简体   繁体   English

R中按组计算日期之间的差异

[英]Calculate Difference between dates by group in R

I'm using a logistic exposure to calculate hatching success for bird nests.我正在使用逻辑暴露来计算鸟巢的孵化成功率。 My data set is quite extensive and I have ~2,000 nests, each with a unique ID ("ClutchID). I need to calculate the number of days a given nest was exposed ("Exposure"), or more simply, the difference between the 1st and last day. I used the following code:我的数据集非常广泛,我有大约 2,000 个巢穴,每个巢穴都有一个唯一的 ID(“ClutchID”)。我需要计算给定巢穴暴露的天数(“暴露”),或者更简单地说,是第一天也是最后一天。我使用了以下代码:

HS_Hatch$Exposure=NA    
for(i in 2:nrow(HS_Hatch)){HS_Hatch$Exposure[i]=HS_Hatch$DateVisit[i]- HS_Hatch$DateVisit[i-1]}

where HS_Hatch is my dataset and DateVisit is the actual date.其中 HS_Hatch 是我的数据集,DateVisit 是实际日期。 The only problem is R is calculating an exposure value for the 1st date (which doesn't make sense).唯一的问题是 R 正在计算第一个日期的曝光值(这没有意义)。

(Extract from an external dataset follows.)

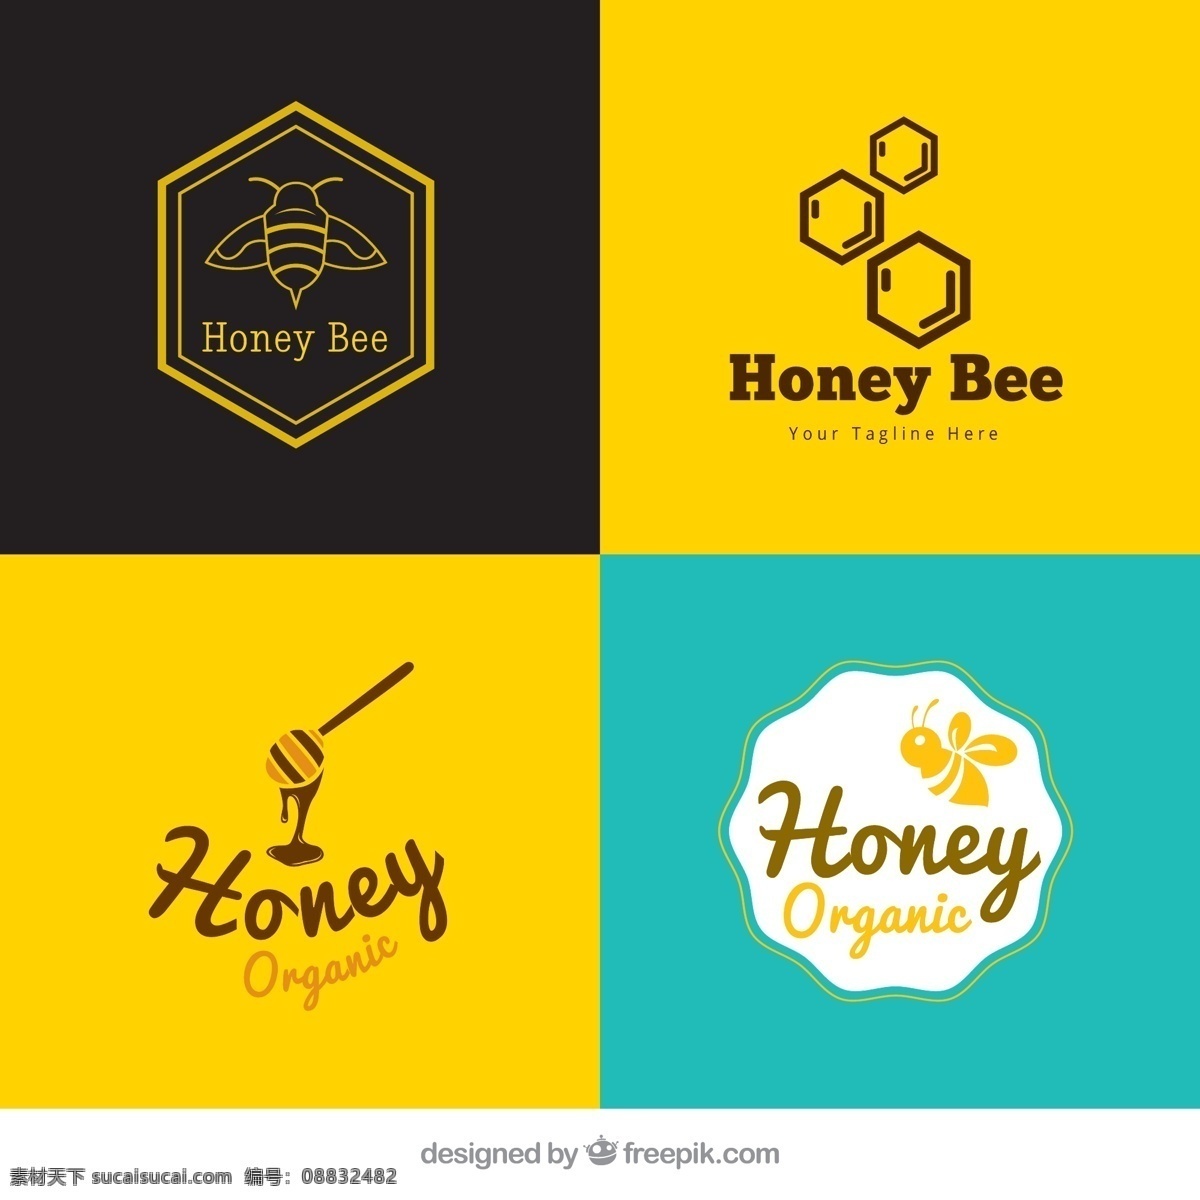 可爱 宝贝 标志 包装 商业 自然 动物 标签 蜜蜂 蜂蜜 企业 有机的 甜蜜的 公司 品牌 贴纸 企业身份 装饰 象征 身份

What I really need is to calculate the difference between the 1st and last date for a given clutch.我真正需要的是计算给定离合器的第一个日期和最后一个日期之间的差异。 I've also looked into the following:我还研究了以下内容:

Exposure=ddply(HS_Hatch, "ClutchID", summarize, 
                     orderfrequency = as.numeric(diff.Date(DateVisit)))


df %>%
  mutate(Exposure =  as.Date(HS_Hatch$DateVisit, "%Y-%m-%d")) %>%
  group_by(ClutchID) %>%
  arrange(Exposure) %>%
  mutate(lag=lag(DateVisit), difference=DateVisit-lag)

I'm still learning R so any help would be greatly appreciated.我仍在学习 R,因此任何帮助将不胜感激。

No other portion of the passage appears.